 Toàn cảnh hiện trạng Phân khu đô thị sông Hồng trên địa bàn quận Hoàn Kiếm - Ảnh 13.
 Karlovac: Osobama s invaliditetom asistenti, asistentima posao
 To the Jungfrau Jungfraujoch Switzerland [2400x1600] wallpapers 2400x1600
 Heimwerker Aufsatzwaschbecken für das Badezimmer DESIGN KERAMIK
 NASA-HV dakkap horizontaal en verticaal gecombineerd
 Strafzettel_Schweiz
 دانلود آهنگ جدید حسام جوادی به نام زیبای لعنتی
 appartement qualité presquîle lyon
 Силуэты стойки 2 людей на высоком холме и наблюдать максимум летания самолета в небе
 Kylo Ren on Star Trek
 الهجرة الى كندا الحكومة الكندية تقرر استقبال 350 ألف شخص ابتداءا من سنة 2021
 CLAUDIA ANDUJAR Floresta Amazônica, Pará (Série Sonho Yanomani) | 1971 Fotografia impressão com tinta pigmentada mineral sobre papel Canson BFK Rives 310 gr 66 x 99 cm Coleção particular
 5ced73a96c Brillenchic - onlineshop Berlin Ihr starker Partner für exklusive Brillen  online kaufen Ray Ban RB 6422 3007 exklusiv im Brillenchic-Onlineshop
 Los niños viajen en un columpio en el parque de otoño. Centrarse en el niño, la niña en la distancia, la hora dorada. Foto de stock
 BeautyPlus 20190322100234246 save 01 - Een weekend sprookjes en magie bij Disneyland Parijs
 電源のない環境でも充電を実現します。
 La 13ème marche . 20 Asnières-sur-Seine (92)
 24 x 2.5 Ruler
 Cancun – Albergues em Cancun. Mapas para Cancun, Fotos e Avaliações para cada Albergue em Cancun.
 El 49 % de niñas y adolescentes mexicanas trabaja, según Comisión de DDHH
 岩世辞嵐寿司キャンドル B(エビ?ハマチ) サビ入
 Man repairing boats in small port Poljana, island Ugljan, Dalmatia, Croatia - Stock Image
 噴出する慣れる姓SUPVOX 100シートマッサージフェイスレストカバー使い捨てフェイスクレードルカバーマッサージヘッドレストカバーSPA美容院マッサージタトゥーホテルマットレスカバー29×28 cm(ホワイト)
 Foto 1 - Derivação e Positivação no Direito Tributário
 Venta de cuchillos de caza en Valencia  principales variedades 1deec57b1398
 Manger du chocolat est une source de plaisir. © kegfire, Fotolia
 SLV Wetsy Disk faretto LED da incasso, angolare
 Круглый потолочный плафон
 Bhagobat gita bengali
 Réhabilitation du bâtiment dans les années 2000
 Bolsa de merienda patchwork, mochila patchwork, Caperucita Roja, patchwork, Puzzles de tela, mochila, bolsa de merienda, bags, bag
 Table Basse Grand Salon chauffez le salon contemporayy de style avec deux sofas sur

§ Problem statement: From the very first line of the records down to the line with "الهجرة الى كندا", please write out each line exactly, including both ends and no other lines.

§ Reply:
 Toàn cảnh hiện trạng Phân khu đô thị sông Hồng trên địa bàn quận Hoàn Kiếm - Ảnh 13.
 Karlovac: Osobama s invaliditetom asistenti, asistentima posao
 To the Jungfrau Jungfraujoch Switzerland [2400x1600] wallpapers 2400x1600
 Heimwerker Aufsatzwaschbecken für das Badezimmer DESIGN KERAMIK
 NASA-HV dakkap horizontaal en verticaal gecombineerd
 Strafzettel_Schweiz
 دانلود آهنگ جدید حسام جوادی به نام زیبای لعنتی
 appartement qualité presquîle lyon
 Силуэты стойки 2 людей на высоком холме и наблюдать максимум летания самолета в небе
 Kylo Ren on Star Trek
 الهجرة الى كندا الحكومة الكندية تقرر استقبال 350 ألف شخص ابتداءا من سنة 2021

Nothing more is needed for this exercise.